The University of Birmingham, UK, and the University of Maryland, Baltimore have created a new spinout, Empower Therapeutics, to commercialise a simple, reliable electroencephalography (EEG)-based biomarker for pain sensitivity.
The biomarker was validated in a third research study published last year, which demonstrated that measurement of the brain’s peak alpha frequency, taken when a person is in a pain-free state, is a reliable and reproducible indicator of the level of pain sensitivity, and this determines the intensity of pain felt when the person is ‘challenged’ with new painful stimuli.
The intensity of pain felt after injury or surgery is a significant predictor of whether a person will develop chronic pain, and knowledge of which patients have the greatest pain sensitivity will enable targeted therapeutic interventions to decrease the chance of short-term (acute) pain becoming long-lasting, chronic pain.
The Universities of Maryland and Birmingham filed a joint patent application covering the methods and use of this brain wave biomarker.
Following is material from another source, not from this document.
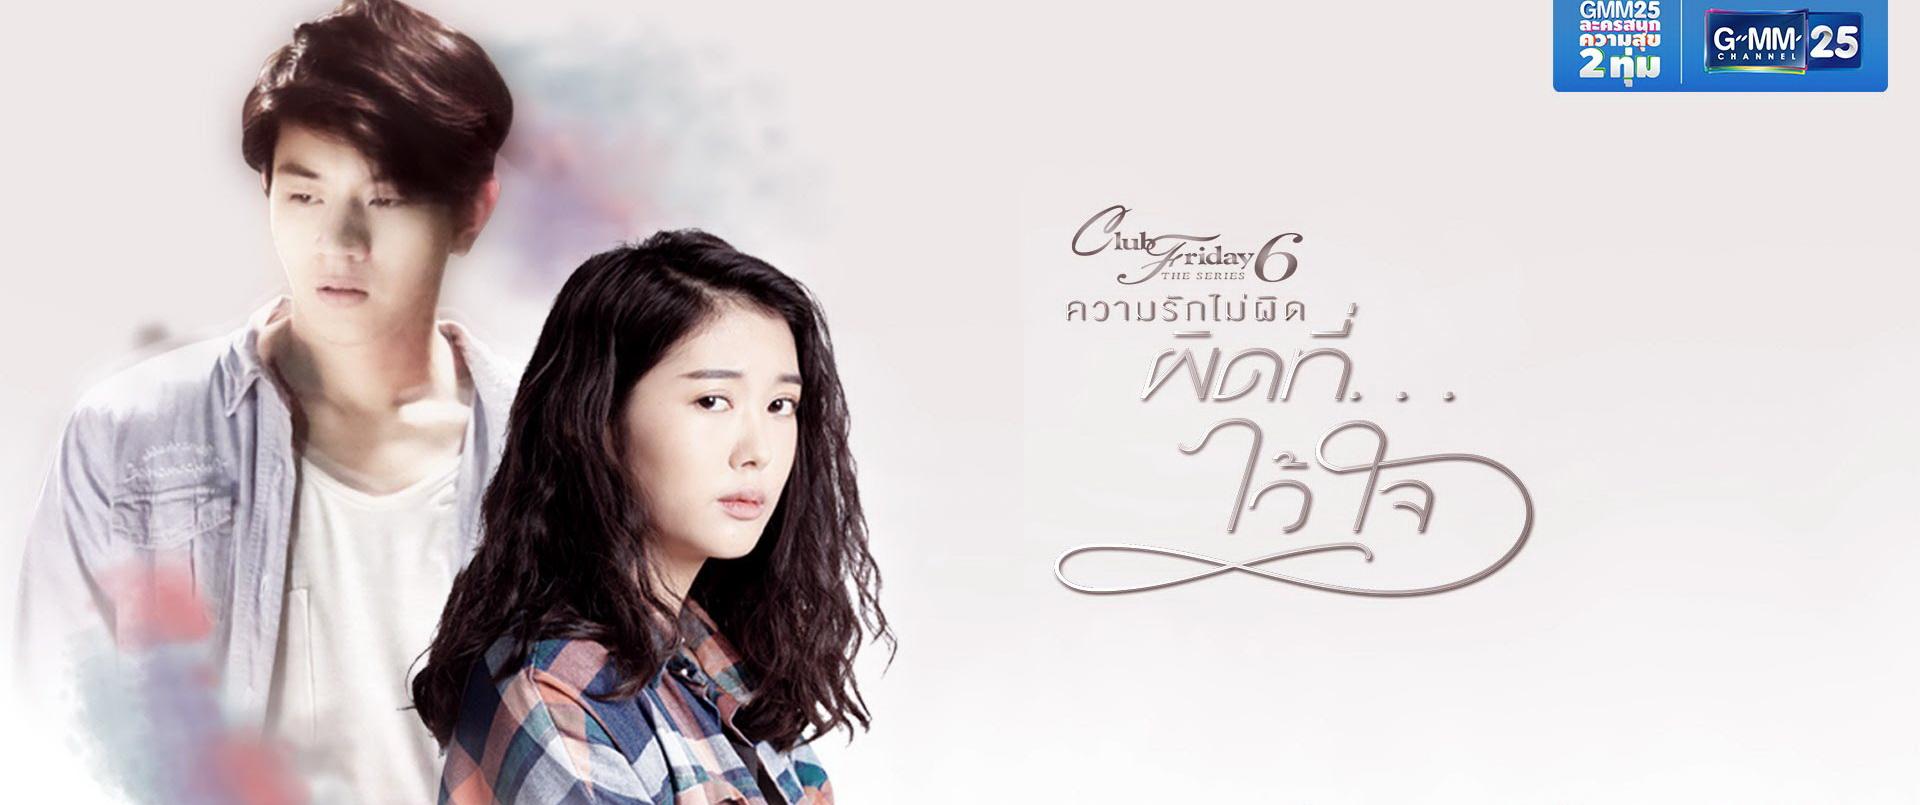 Lakornthais.com-ขาย DVD ละครไทย ราคาถูก แผ่นละ 20 บาทค่ะ !!!

Empower Therapeutics has acquired the worldwide, exclusive rights, to this jointly filed patent and will leverage this and their own technology to develop a wearable device for pain management.
The company plans to further develop the technology as a digital therapeutic for at home use in chronic pain settings. Here the measurement of brain waves corresponding to pain sensitivity will be used to direct non-invasive exercises/interventions for modifying brain waves.
Empower Therapeutics is headed up by CEO Steven Rothenberg, M.D., and co-founder Andrew Furman, who worked on the original biomarker research with Dr David Seminowicz at the University of Maryland Baltimore’s Pain Imaging Lab, and Dr Ali Mazaheri from the University of Birmingham’s Centre for Human Brain Health. David Seminowicz and Ali Mazaheri will act as advisors to the company, while continuing their research on the technology.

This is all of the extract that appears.